**MATERIAL PROVIDED:**
== Segment start ==
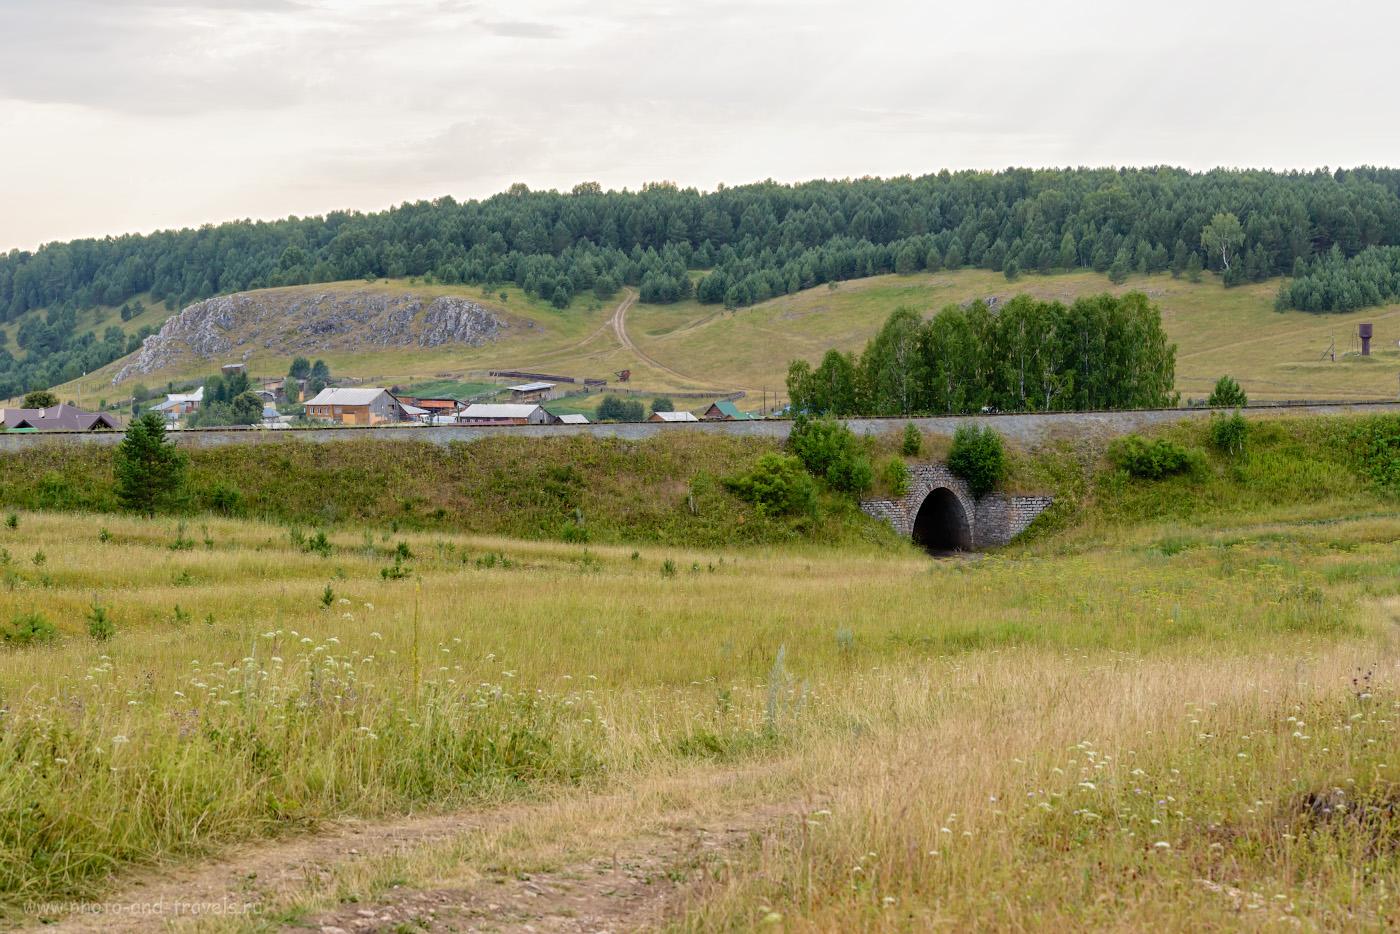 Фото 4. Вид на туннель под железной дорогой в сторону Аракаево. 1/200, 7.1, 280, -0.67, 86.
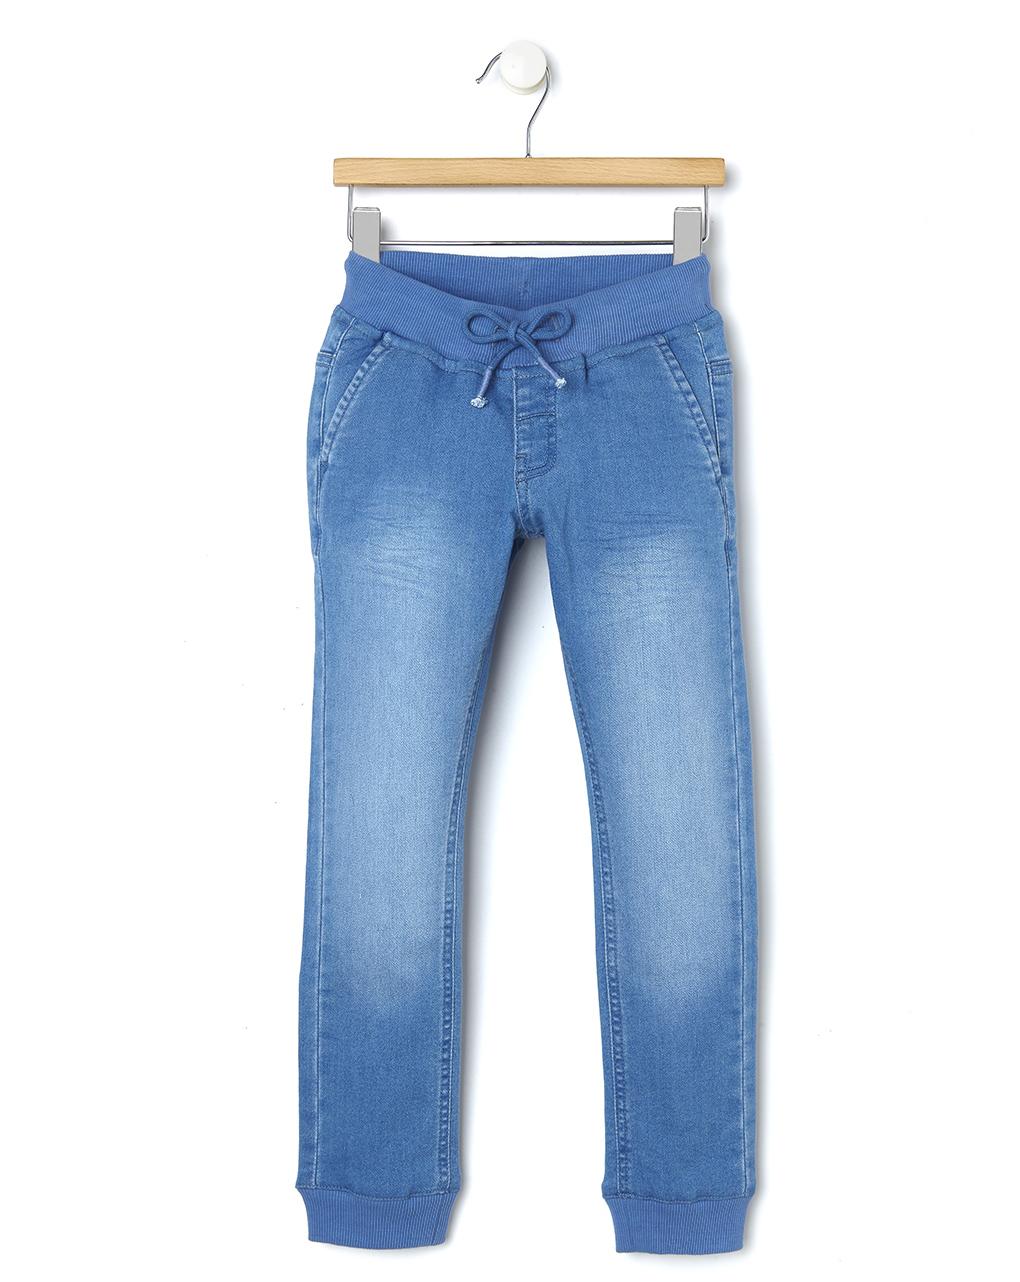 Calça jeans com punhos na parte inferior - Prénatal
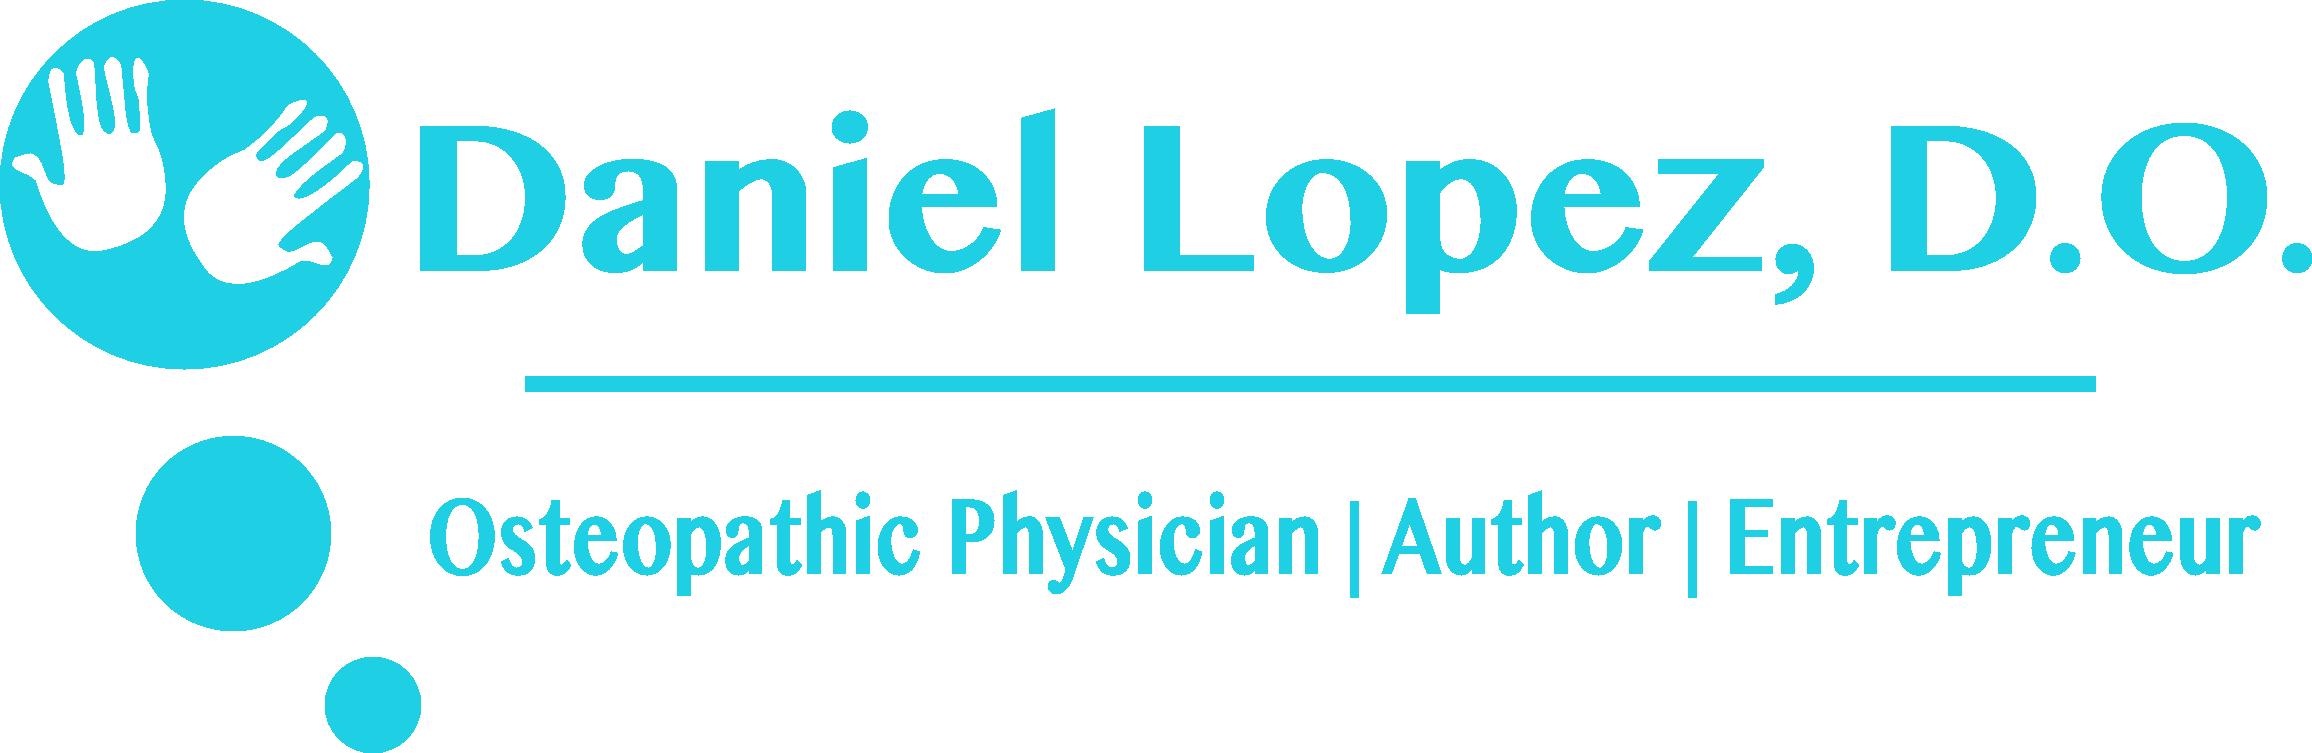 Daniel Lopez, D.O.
== Segment end ==
**WHAT IS REQUIRED:**
Give every line of the data above again as it stands; the pictures stay out.

**ANSWER TO THE EXERCISE:**
 Фото 4. Вид на туннель под железной дорогой в сторону Аракаево. 1/200, 7.1, 280, -0.67, 86.
 Calça jeans com punhos na parte inferior - Prénatal
 Daniel Lopez, D.O.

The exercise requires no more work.